▶ **Problem details**
From the records below, transcribe only the lines running from the one with "Court Legacy Lift" through the one with "Connectome: How the". Keep both of those end lines.

▶ **Entries provided**
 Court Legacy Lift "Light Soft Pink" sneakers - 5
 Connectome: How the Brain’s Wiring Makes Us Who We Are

--

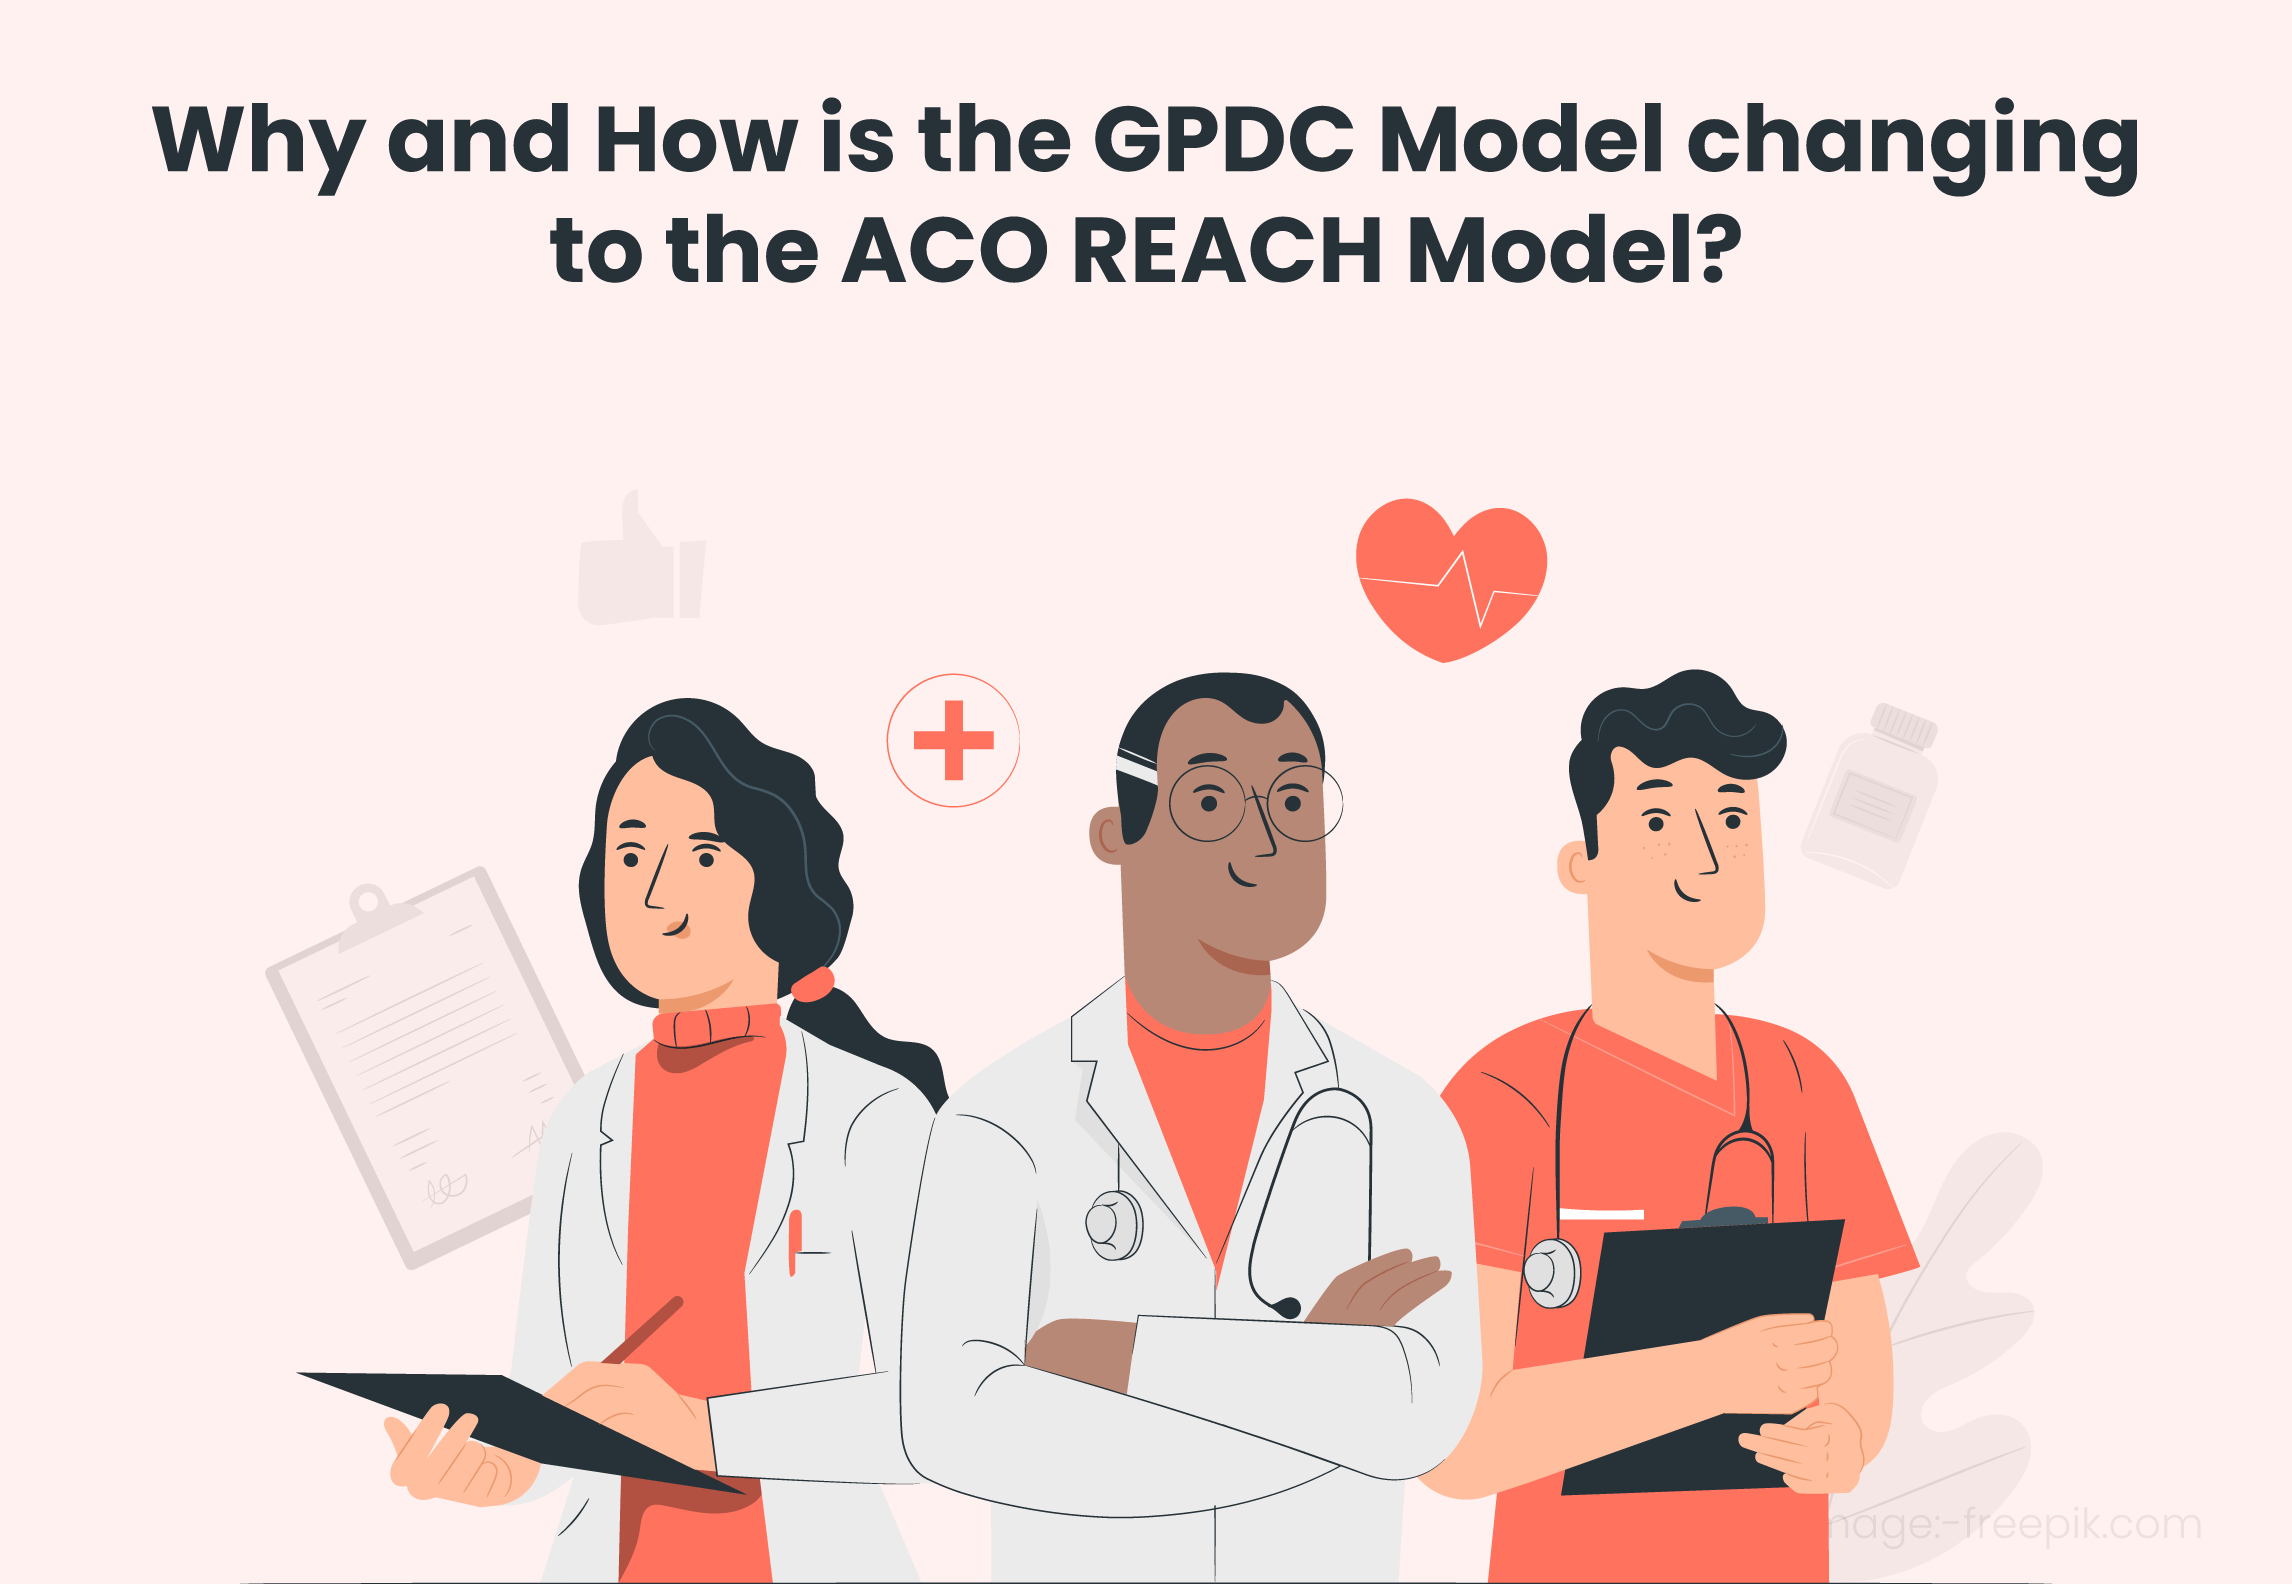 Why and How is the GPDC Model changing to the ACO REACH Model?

▶ **The completed task**
 Court Legacy Lift "Light Soft Pink" sneakers - 5
 Connectome: How the Brain’s Wiring Makes Us Who We Are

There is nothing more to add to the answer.